Tuesday

August 26, 2008 #040 - Walter Scott Houston

I have been slowly going through my collection of Sky & Telescope magazines saved back to the 60's and even a few in the 50's when I could afford to buy one. I favor two columns more than others. One was "Telescope Making" "or "Gleanings for the ATM", depending on the year, and the other was "Deep-Sky Wonders" by Walter Scott Houston.

"Scotty" as they called him, was always shown in pictures with his trademark pipe. He began his articles in 1946 and he continued them for an amazing 49 years until his death in 1993. Each month he described a few observable deep sky objects with little observing challenges thrown in for spice. He liked to raise the bar and test his readers skills of observation and some times shake up established notions of what was quoted as the limits of observation. He had voluminous files of correspondence with people answering his challenges over the years.

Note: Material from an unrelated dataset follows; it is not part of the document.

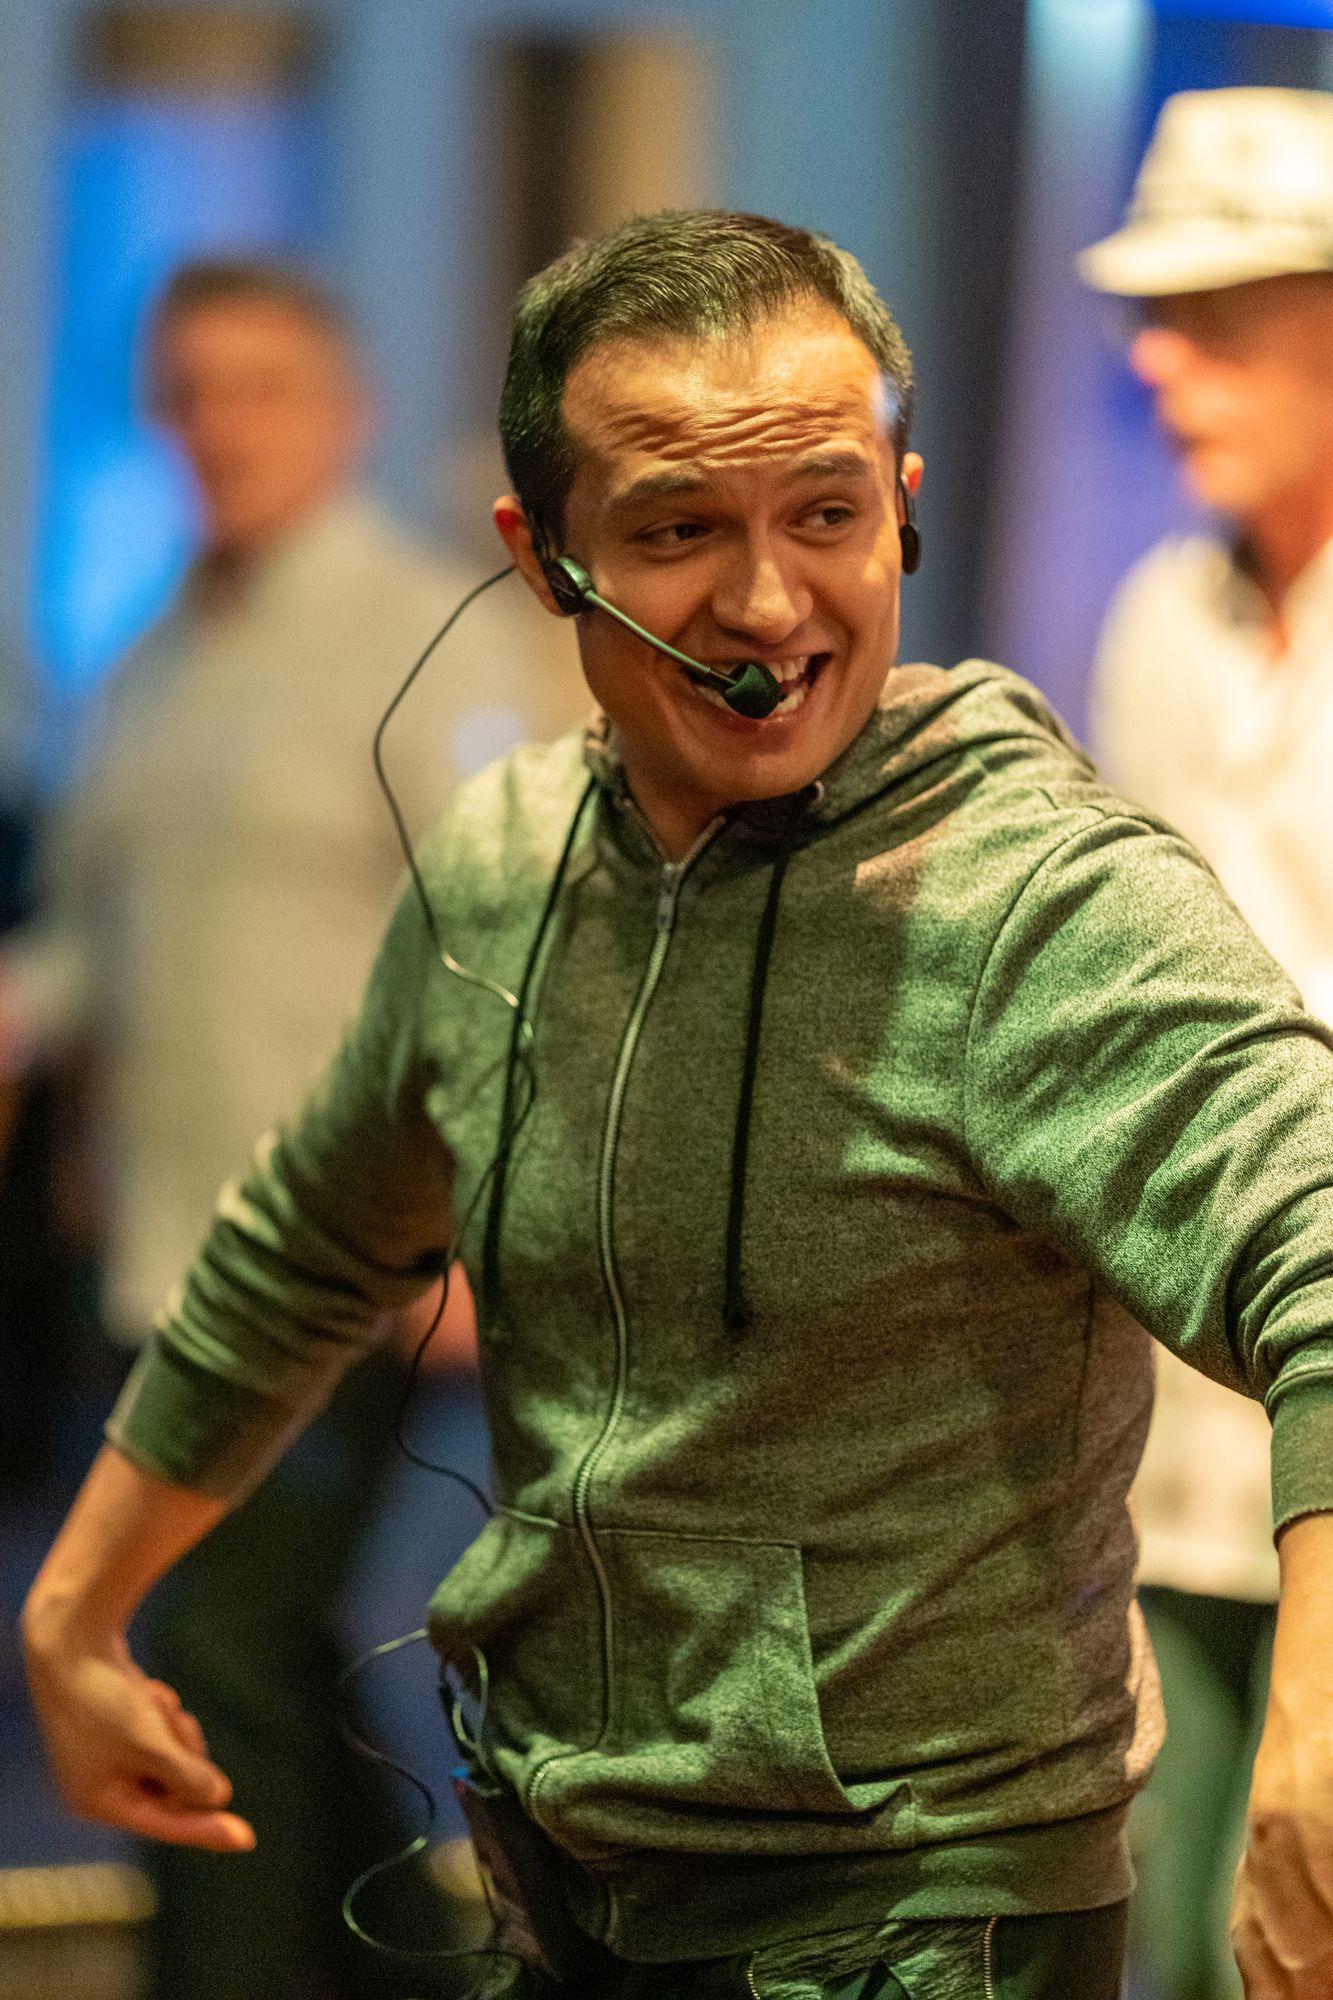 Salsa-Tanzunterricht von Oliver Chimbo auf der Salsa Night in den Haas-Sälen Bamberg am 7. März 2020

His articles chronicle and document how observation and amateur telescopes have changed as the years have passed since mid century. Larger and more powerful amateur equipment have even surpassed what professional astronomers used at that time. Limiting magnitudes have crept ever higher not to mention fantastic digital pictures where the observer stacks hundreds of images and even use adaptive optics, controlled and processed by computers that would have been science fiction back then.

Some of us still enjoy chasing a small fuzzy with more mundane telescopes and a naked eye. These are more akin to the scopes of that time period. If you still practice this type of observing then his articles will be fresh and interesting to you. I am always finding something new in his columns. If you don't have access to back issues of Sky &Telescope you can purchase Stephan James O'meara's book (Deep-Sky Wonders by Walter Scott Houston a selection and commentary).